Retype all of the listing exactly, passing over any picture you find.

COLLECTED DATA
+===+

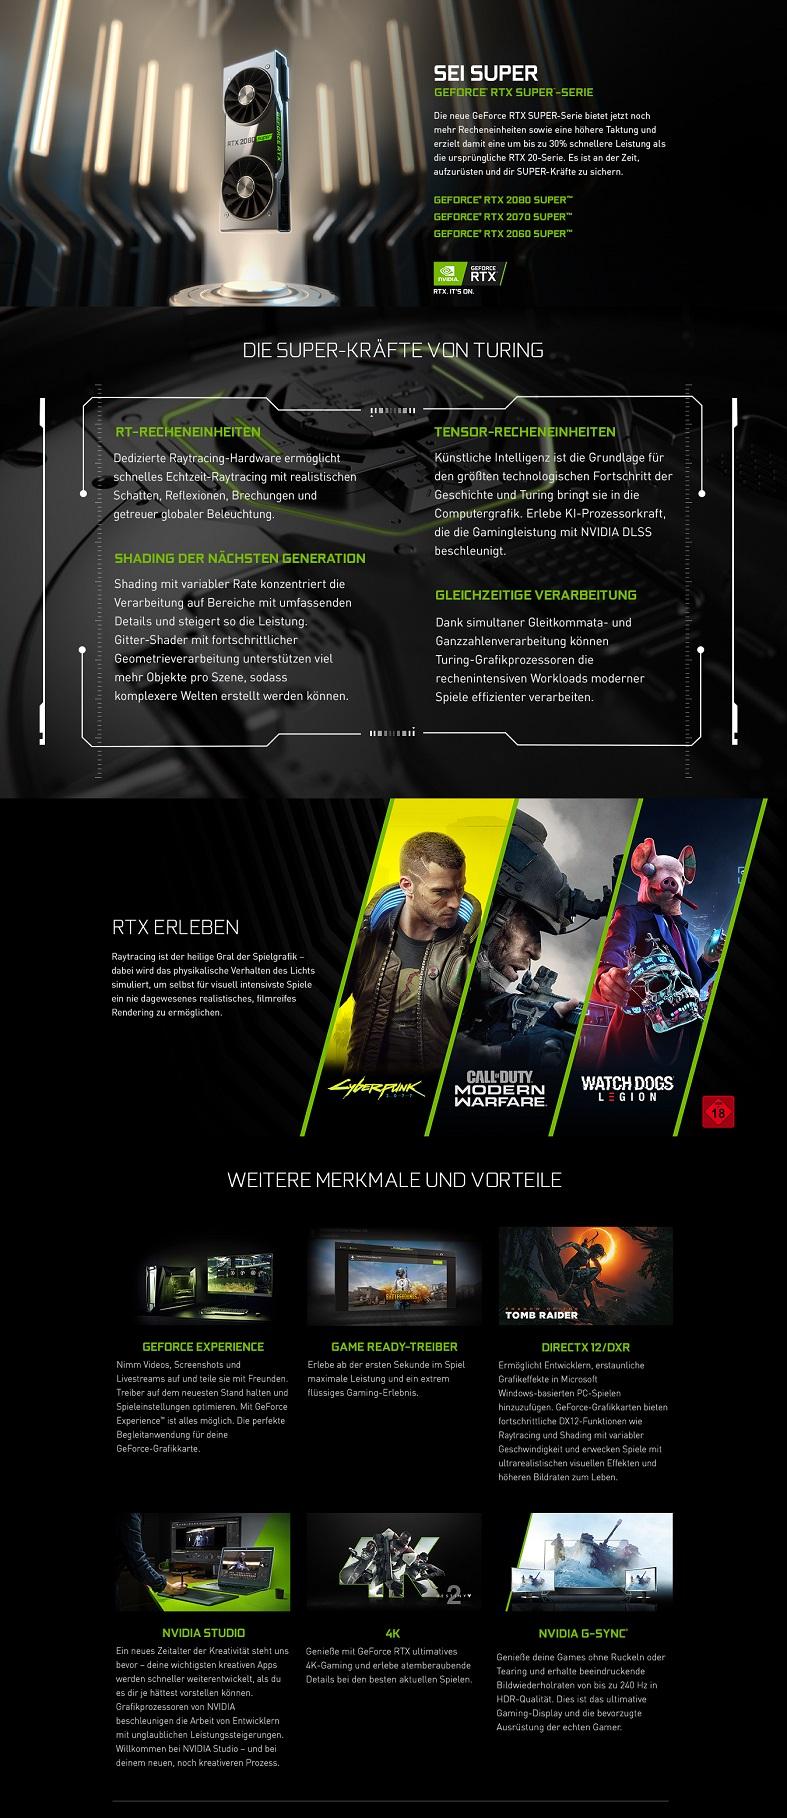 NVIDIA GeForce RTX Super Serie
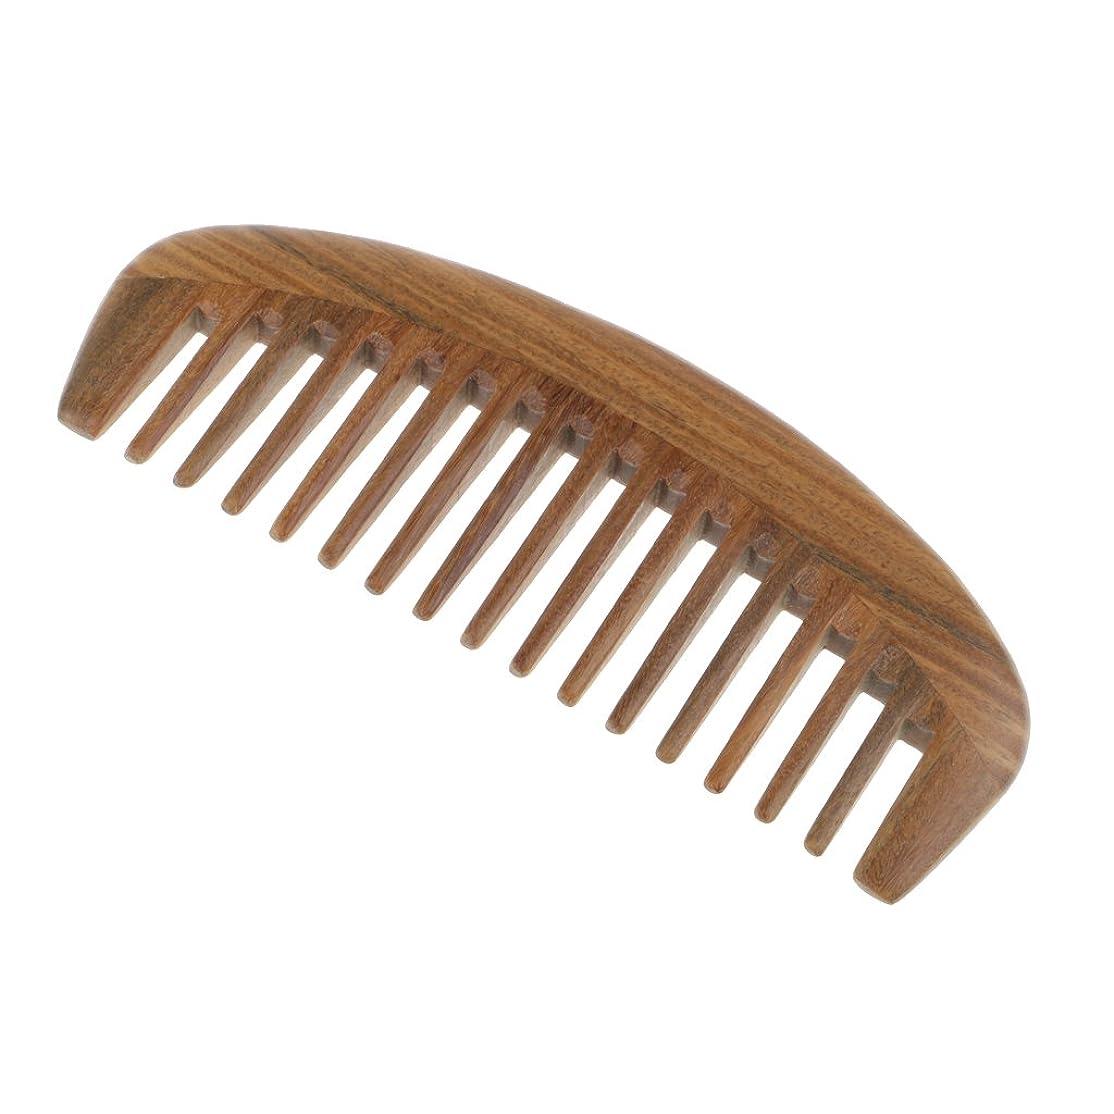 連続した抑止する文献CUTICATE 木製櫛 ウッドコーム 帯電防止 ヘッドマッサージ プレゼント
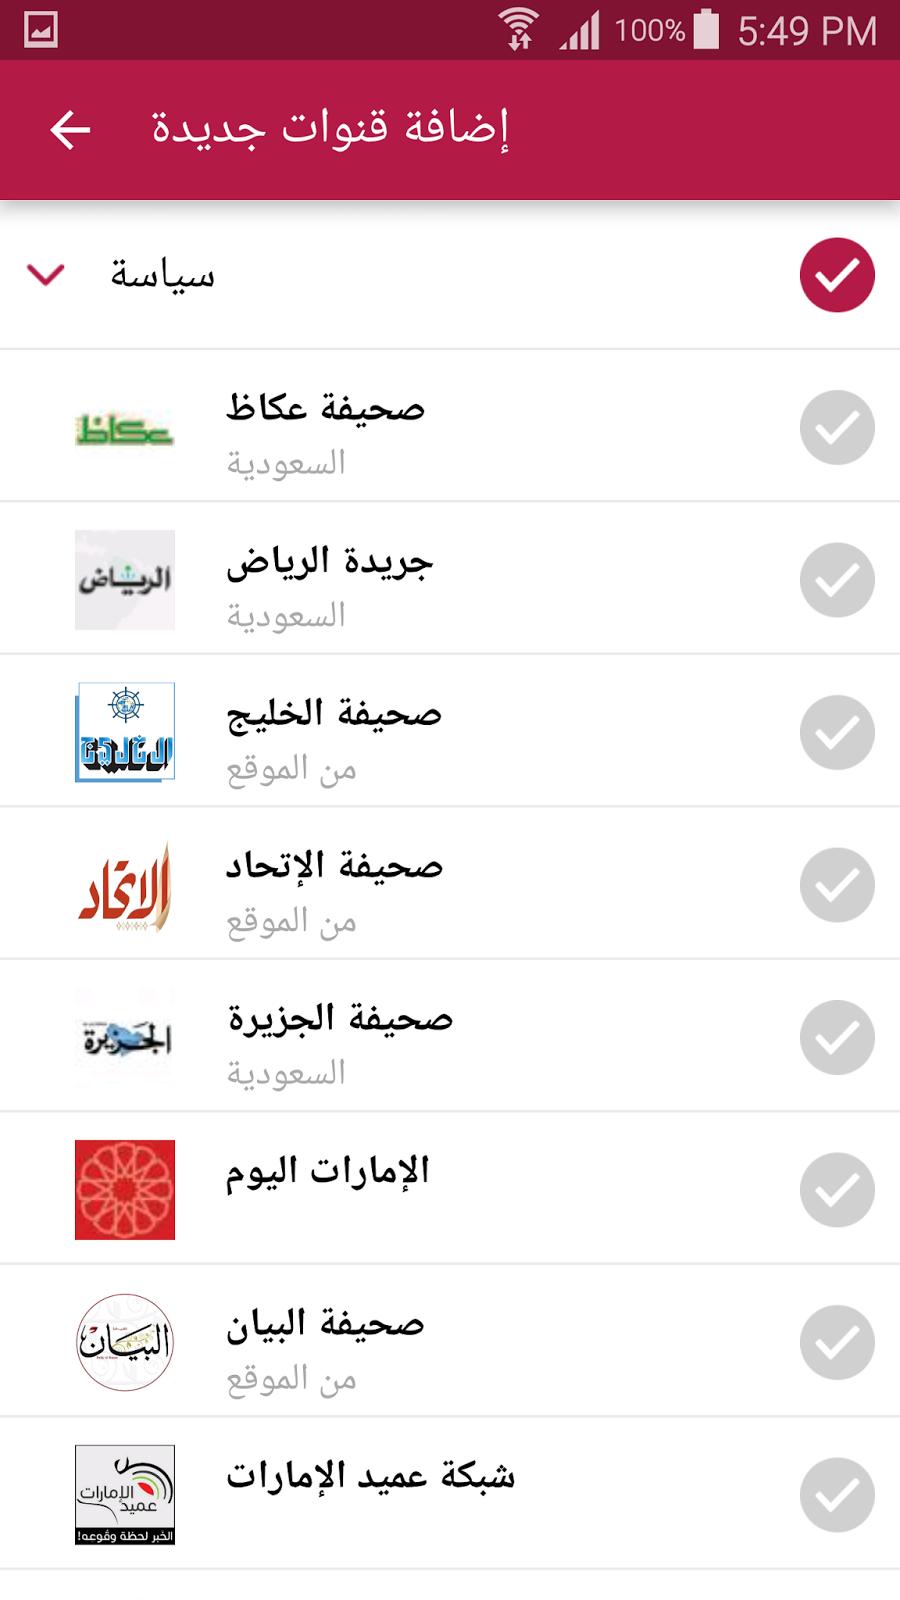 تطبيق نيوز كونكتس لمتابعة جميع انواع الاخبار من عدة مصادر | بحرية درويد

+===+

SOLUTION TO THIS EXERCISE
 NVIDIA GeForce RTX Super Serie
 連続した抑止する文献CUTICATE 木製櫛 ウッドコーム 帯電防止 ヘッドマッサージ プレゼント
 تطبيق نيوز كونكتس لمتابعة جميع انواع الاخبار من عدة مصادر | بحرية درويد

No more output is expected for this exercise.